Raw data:

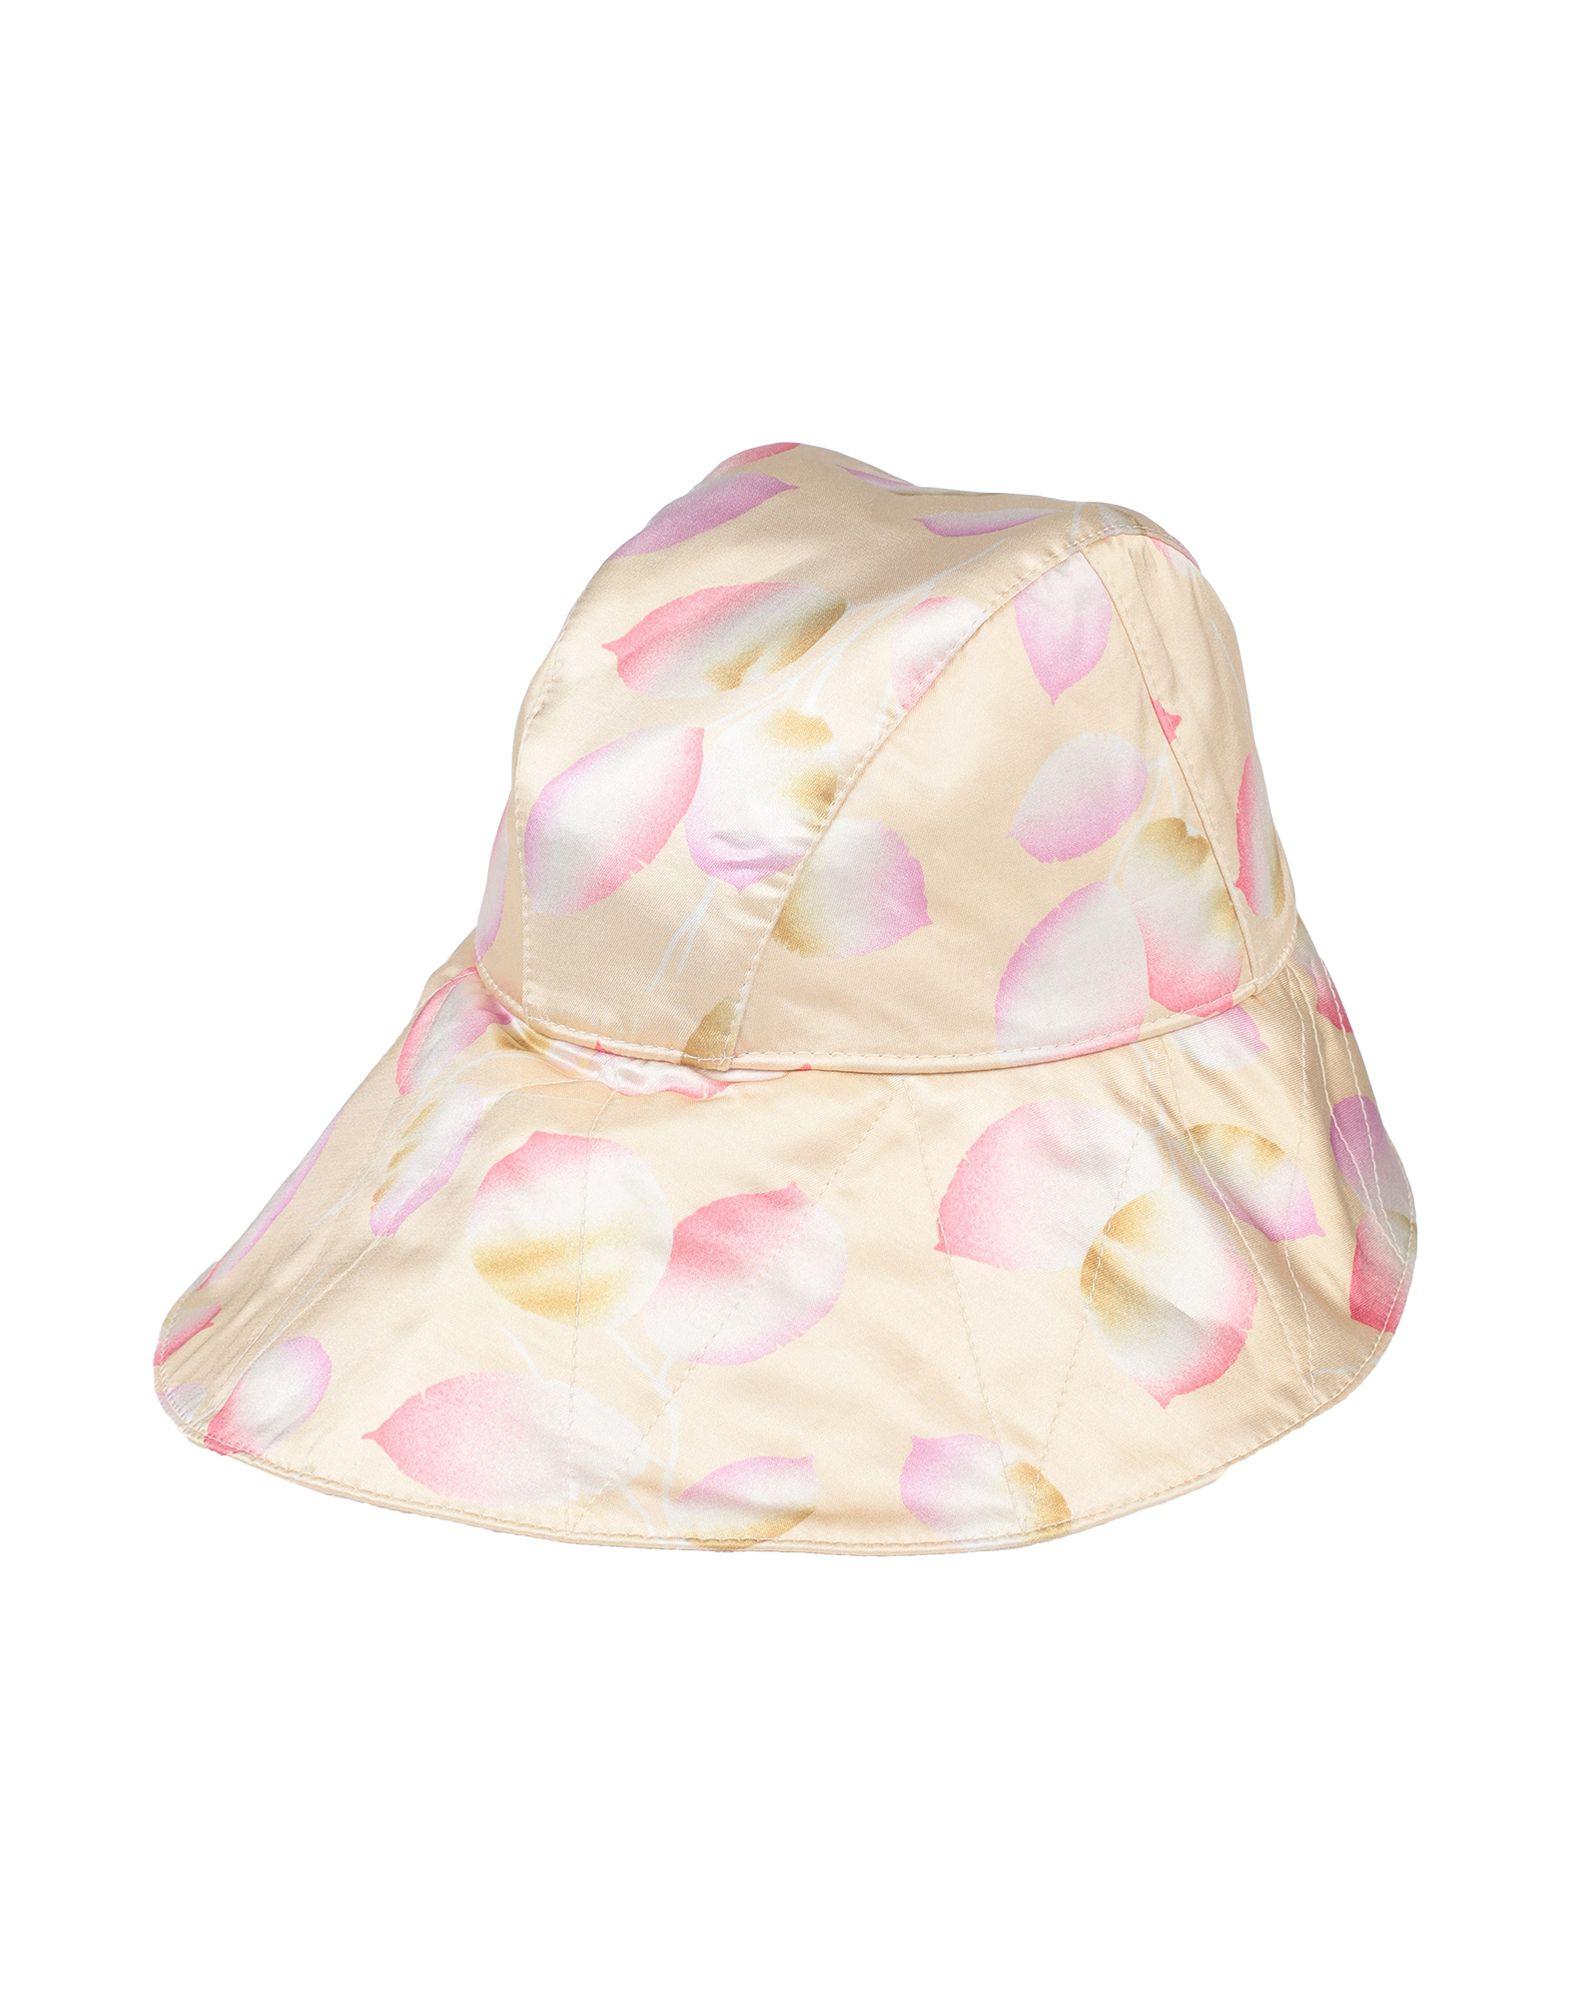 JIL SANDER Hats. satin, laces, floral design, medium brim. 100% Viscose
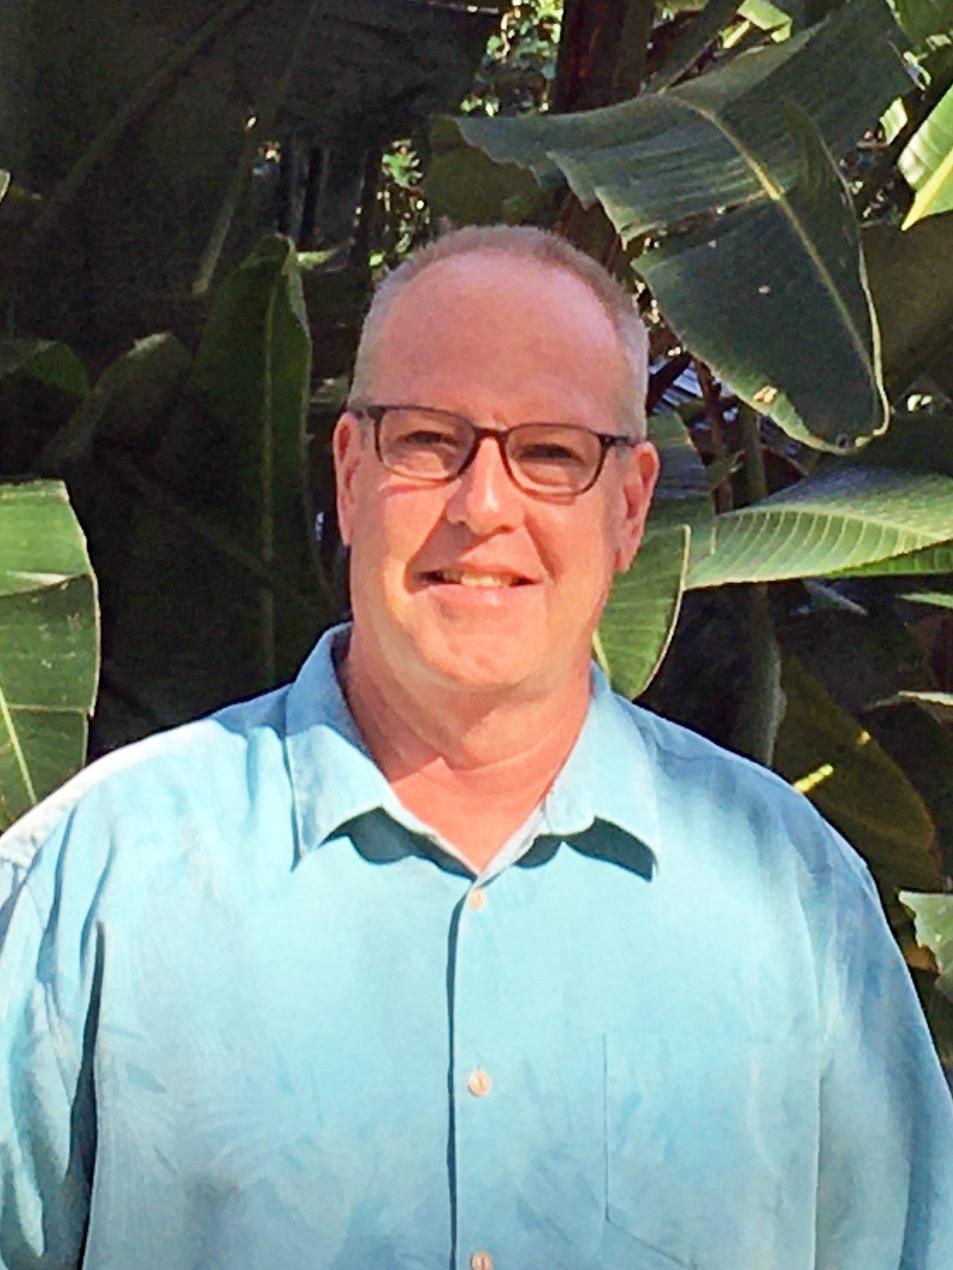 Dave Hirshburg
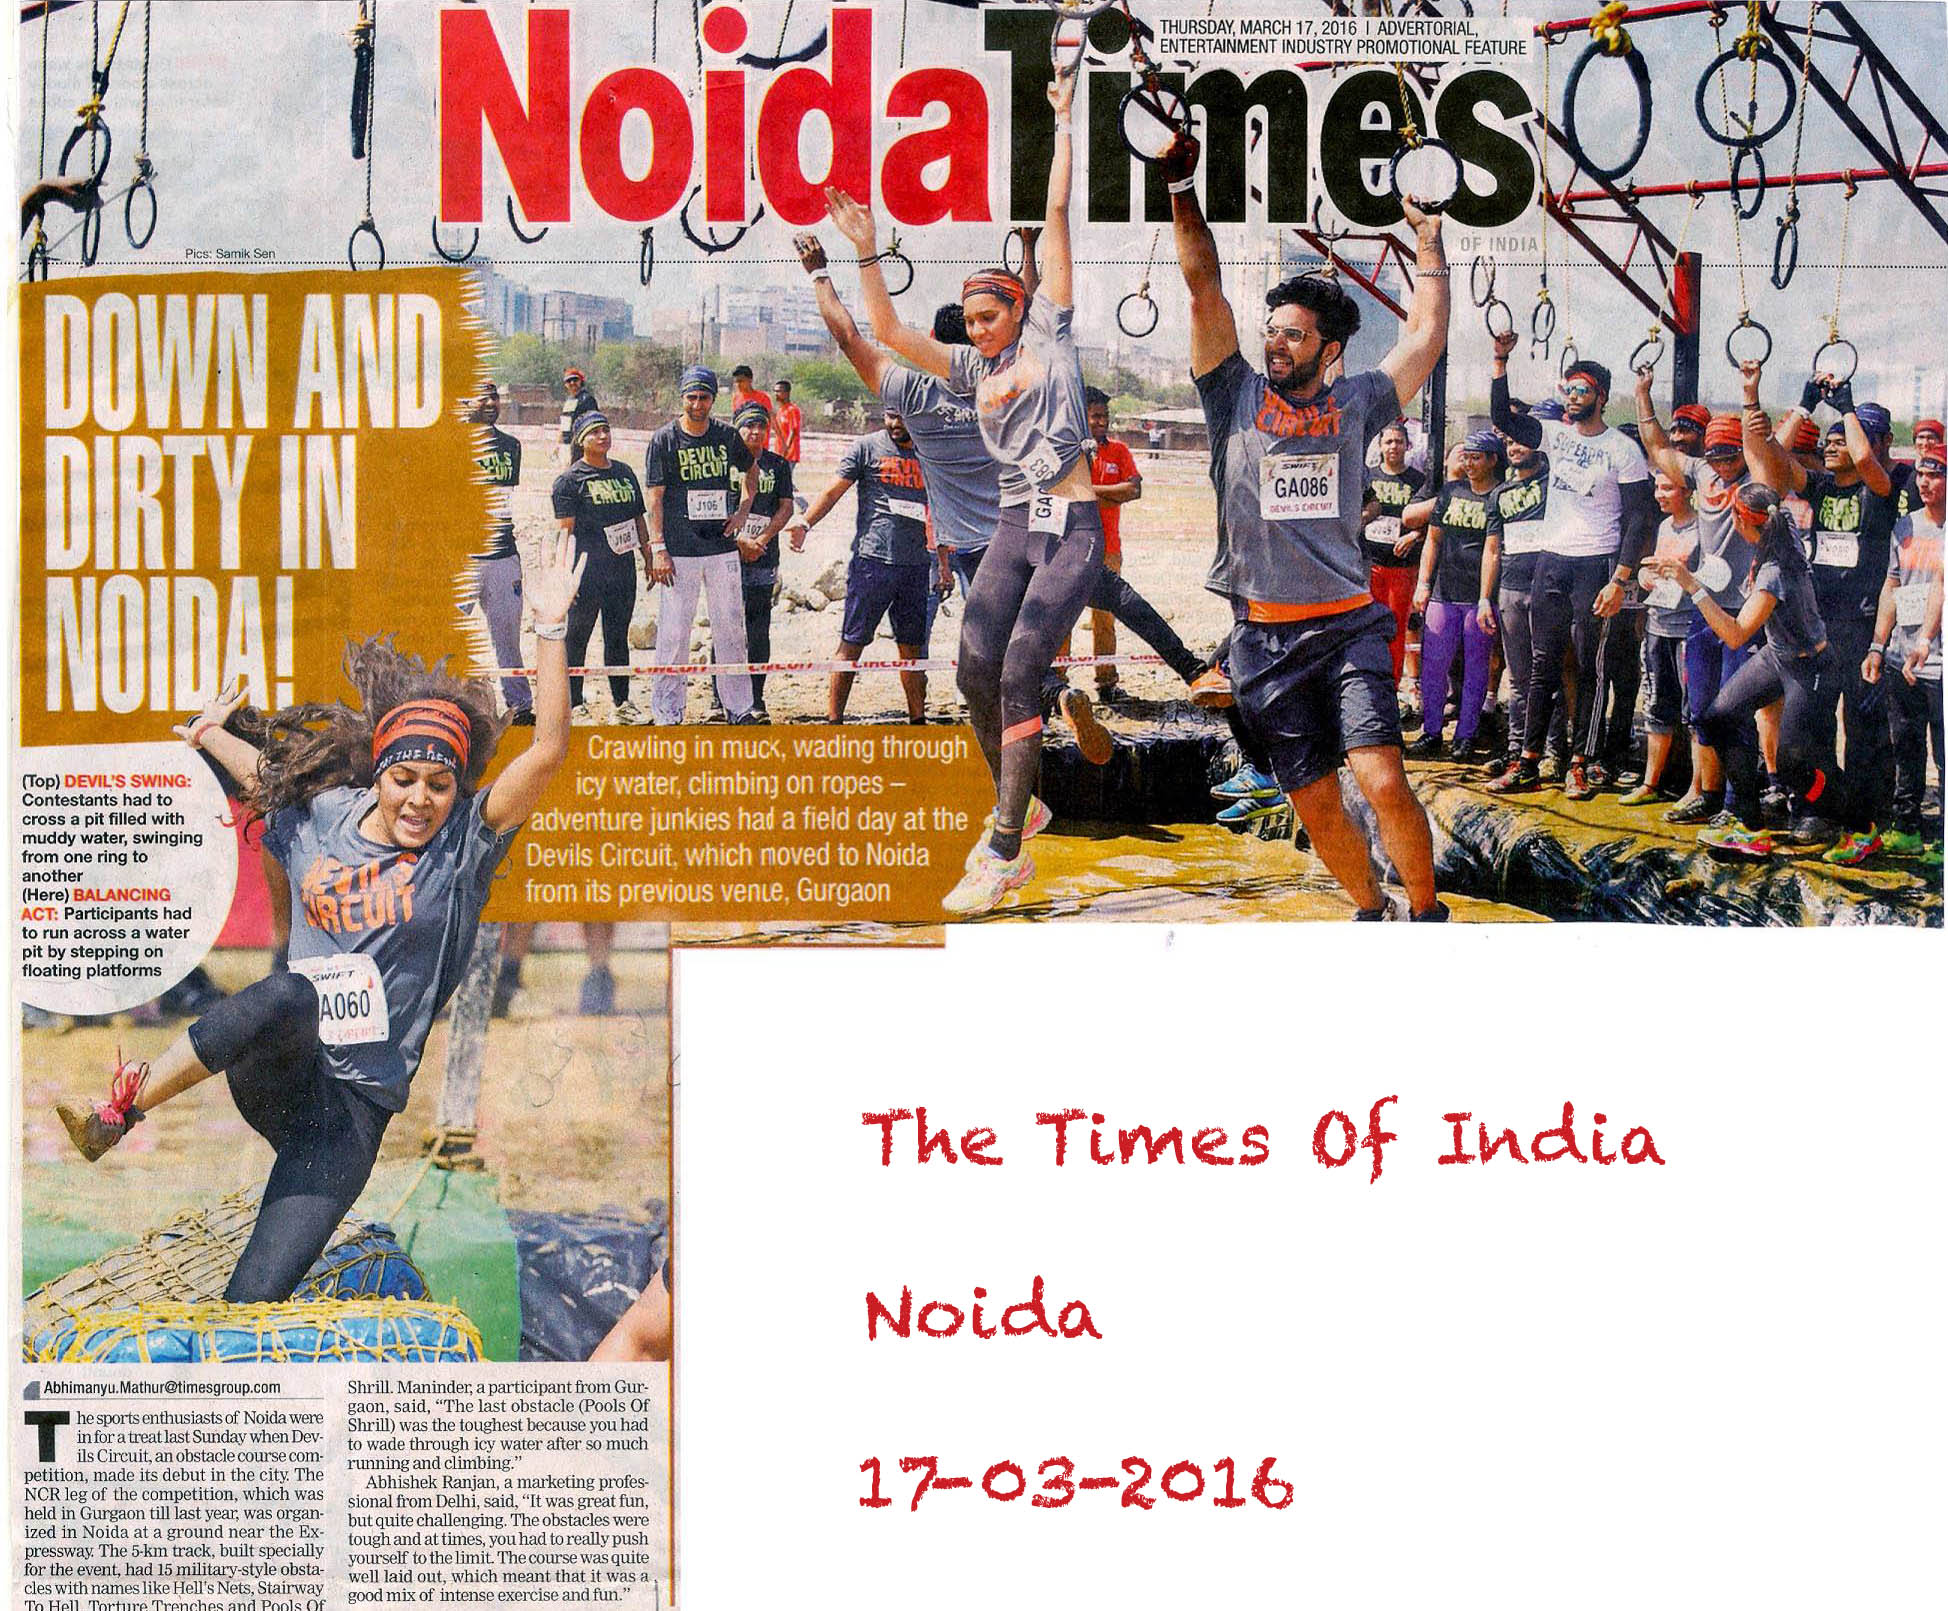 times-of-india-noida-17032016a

Problem to solve: Set down the entire material verbatim, with each picture left out.

Exercise solution:
 JIL SANDER Hats. satin, laces, floral design, medium brim. 100% Viscose
 Dave Hirshburg
 times-of-india-noida-17032016a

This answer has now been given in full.